## REQUIRED ACTION
The answer should be the exact lines from the line containing "Winkelmann Rhein, Gertrude - Blumen Brueghel" through the last line of the material below, with no pictures.

## RECORDED INFORMATION
┄┄┄┄┄┄┄┄┄┄┄┄┄┄┄┄┄┄┄┄

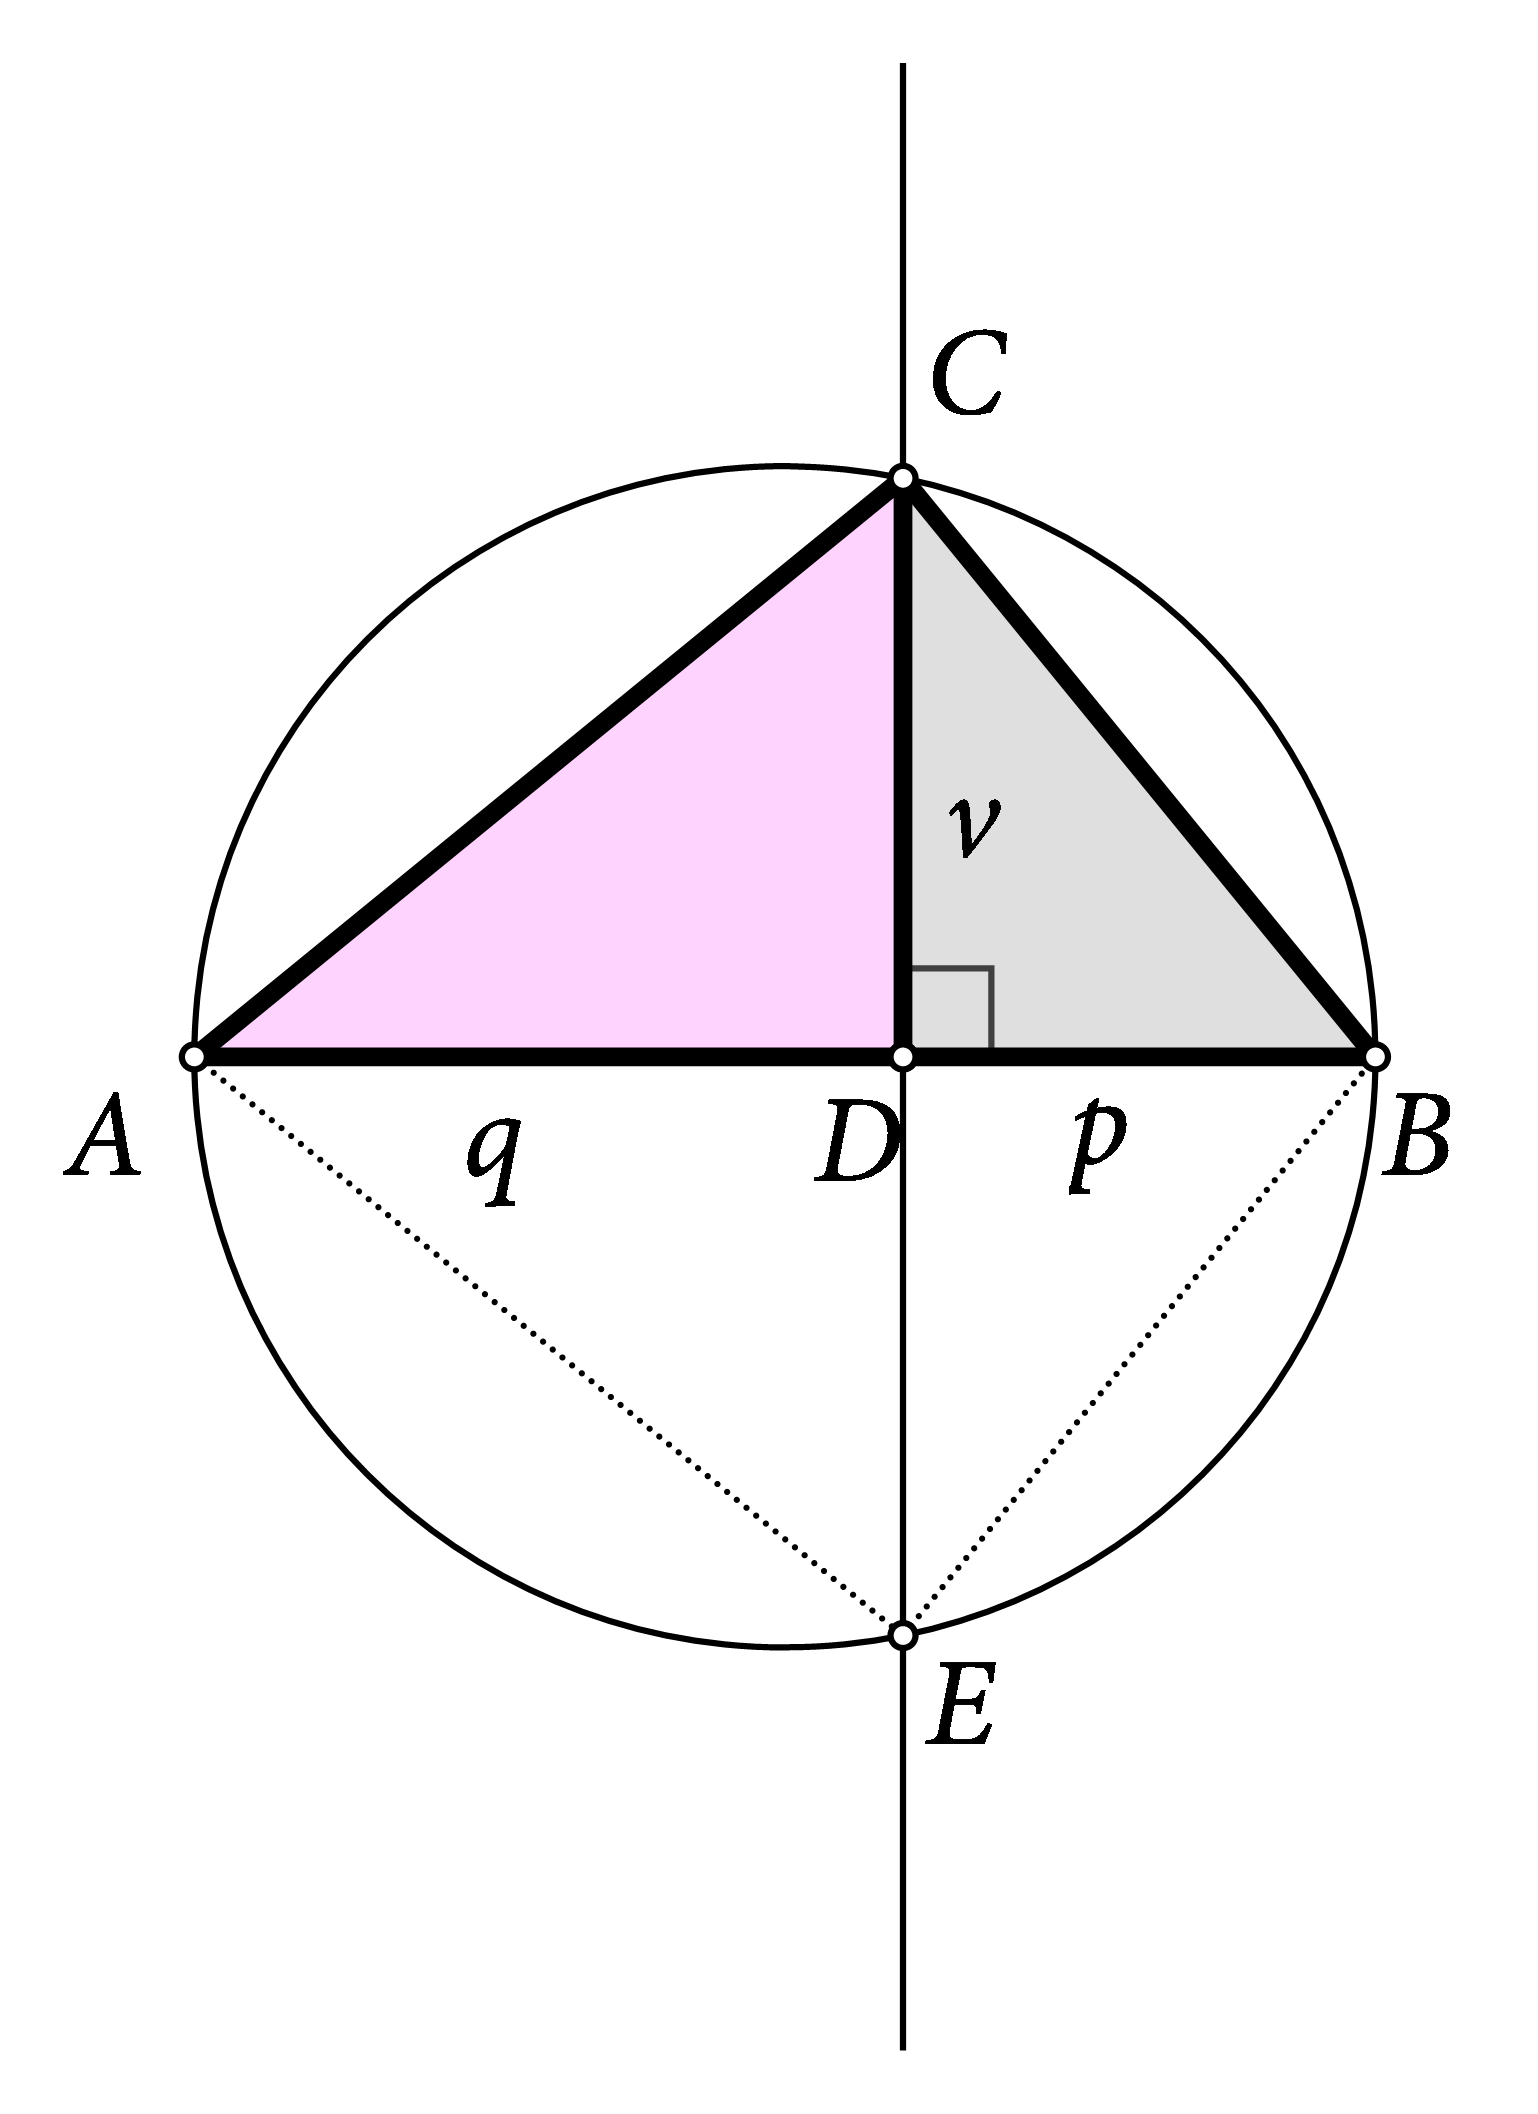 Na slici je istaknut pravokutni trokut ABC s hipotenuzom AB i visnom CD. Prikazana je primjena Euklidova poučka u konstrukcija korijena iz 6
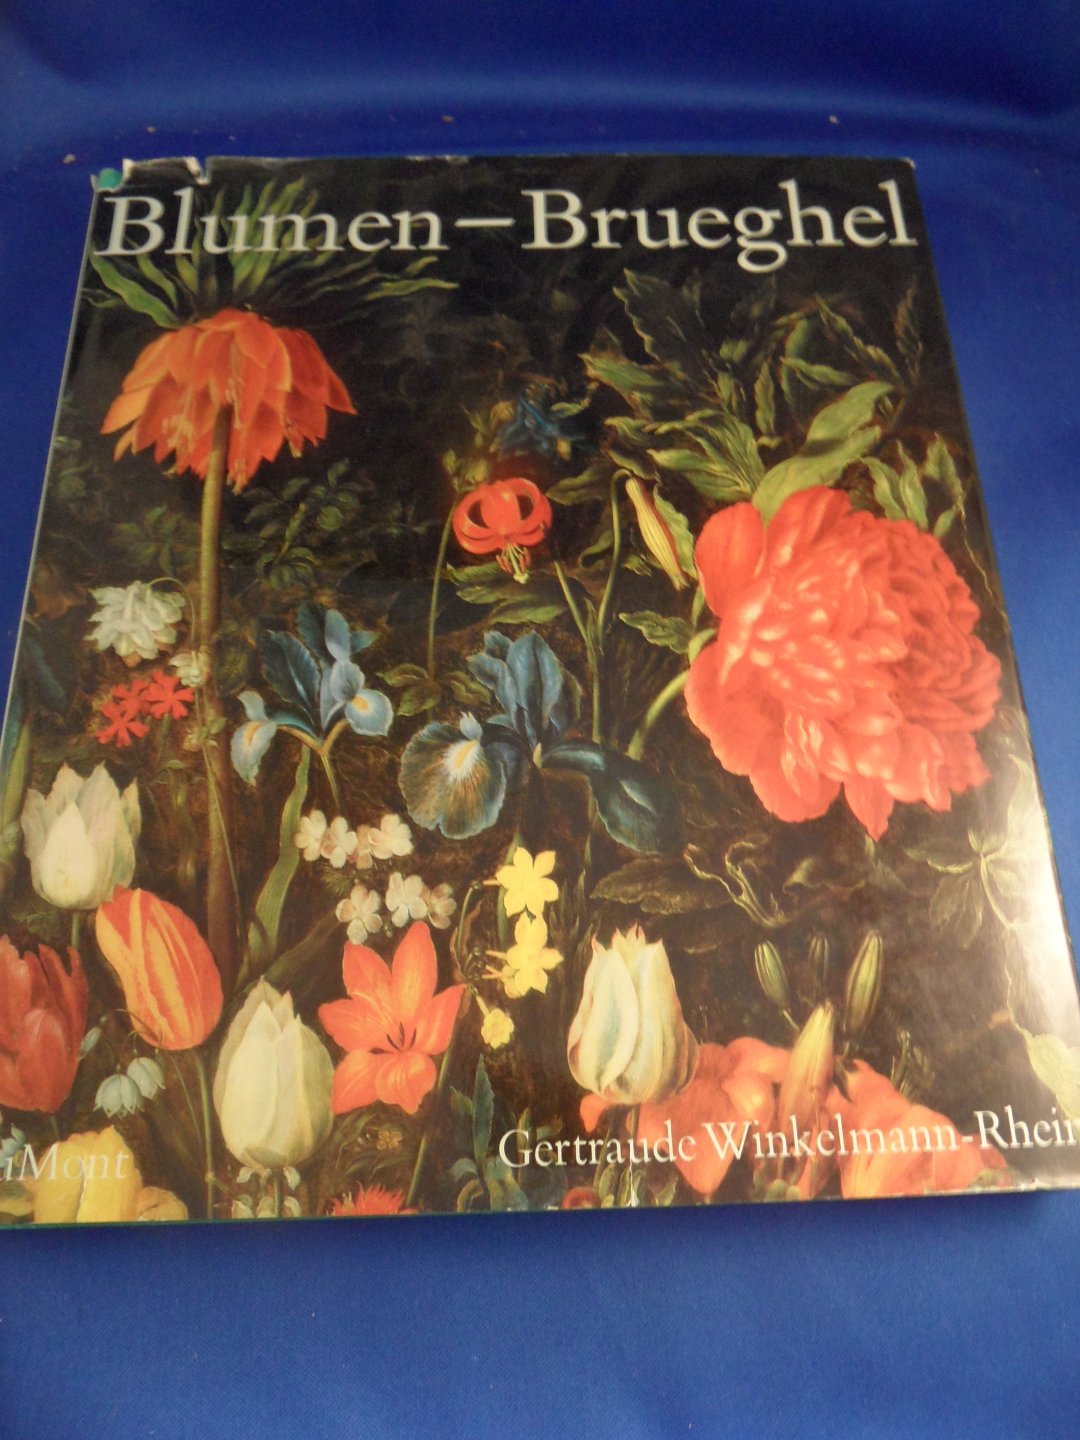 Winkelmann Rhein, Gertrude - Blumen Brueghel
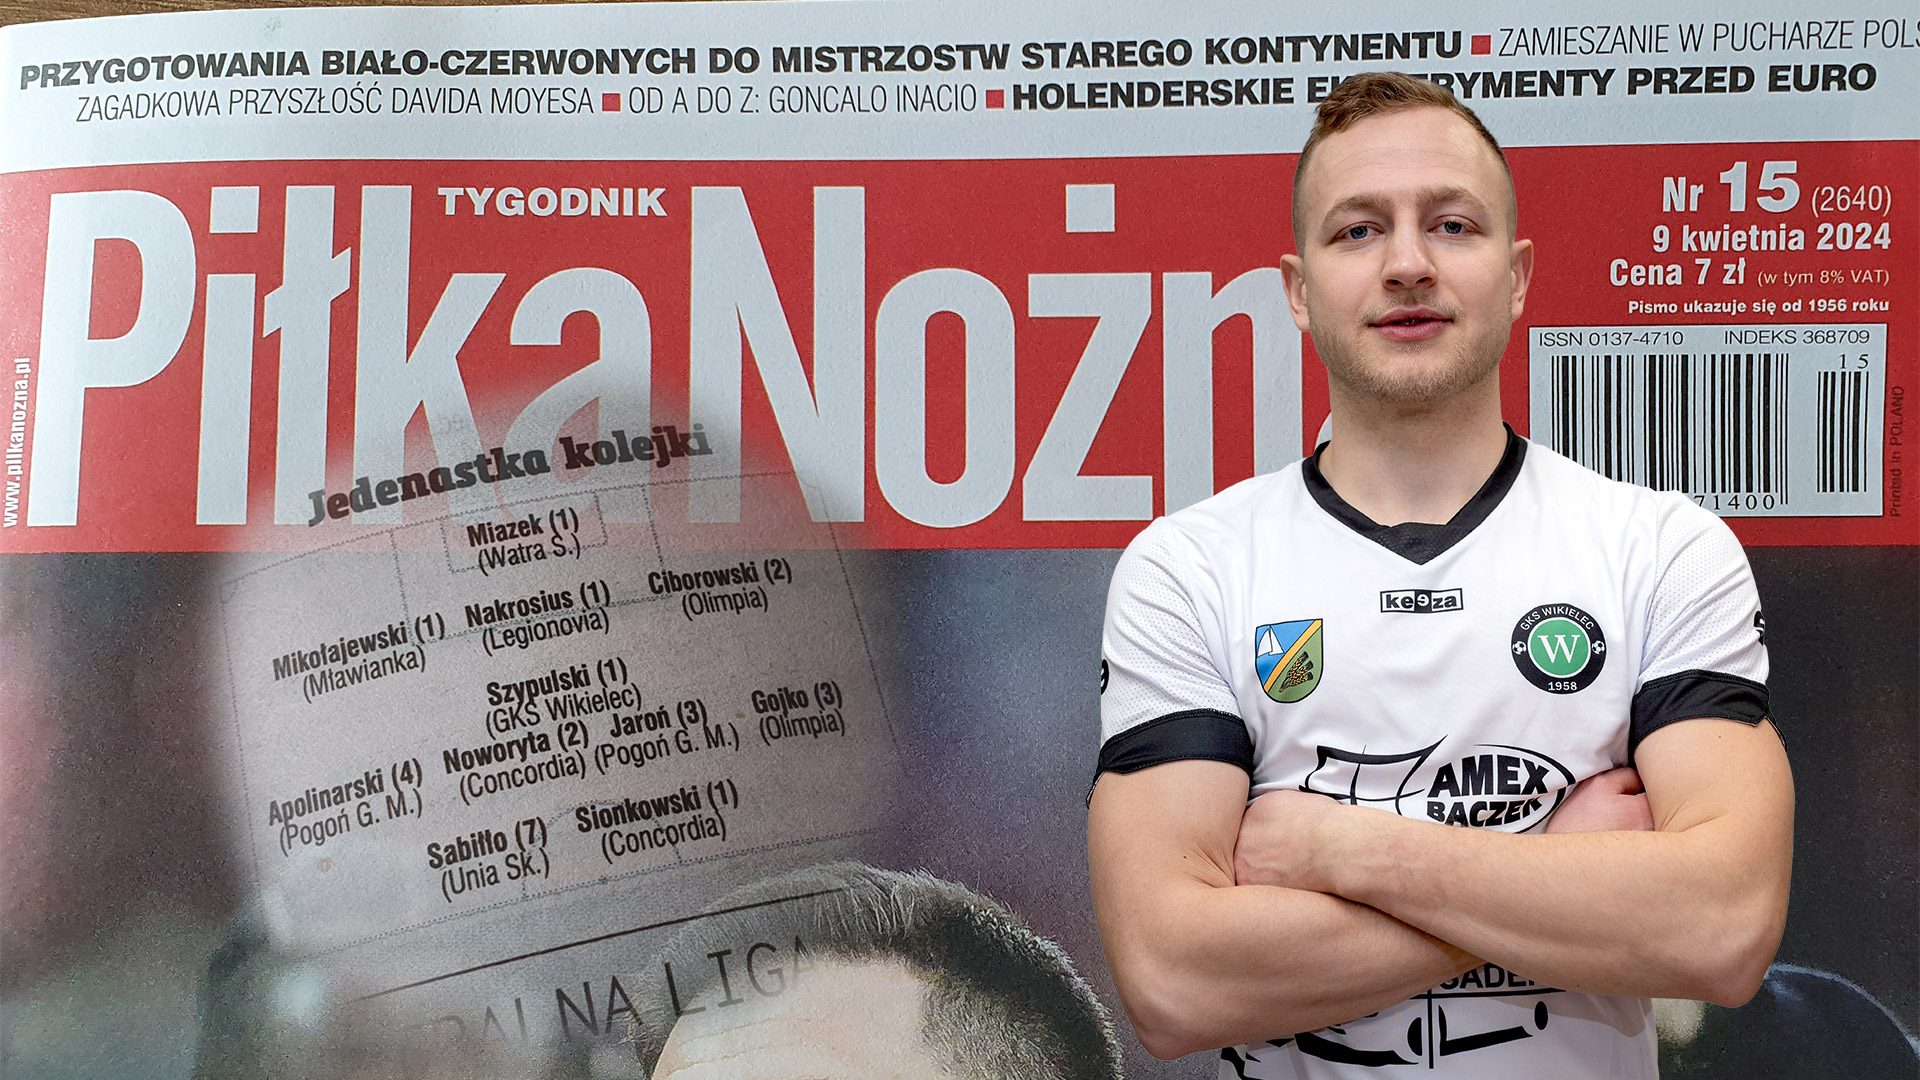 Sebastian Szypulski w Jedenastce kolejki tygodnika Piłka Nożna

┄┄┄┄┄┄┄┄┄┄┄┄┄┄┄┄┄┄┄┄

## TASK SOLUTION
 Winkelmann Rhein, Gertrude - Blumen Brueghel
 Sebastian Szypulski w Jedenastce kolejki tygodnika Piłka Nożna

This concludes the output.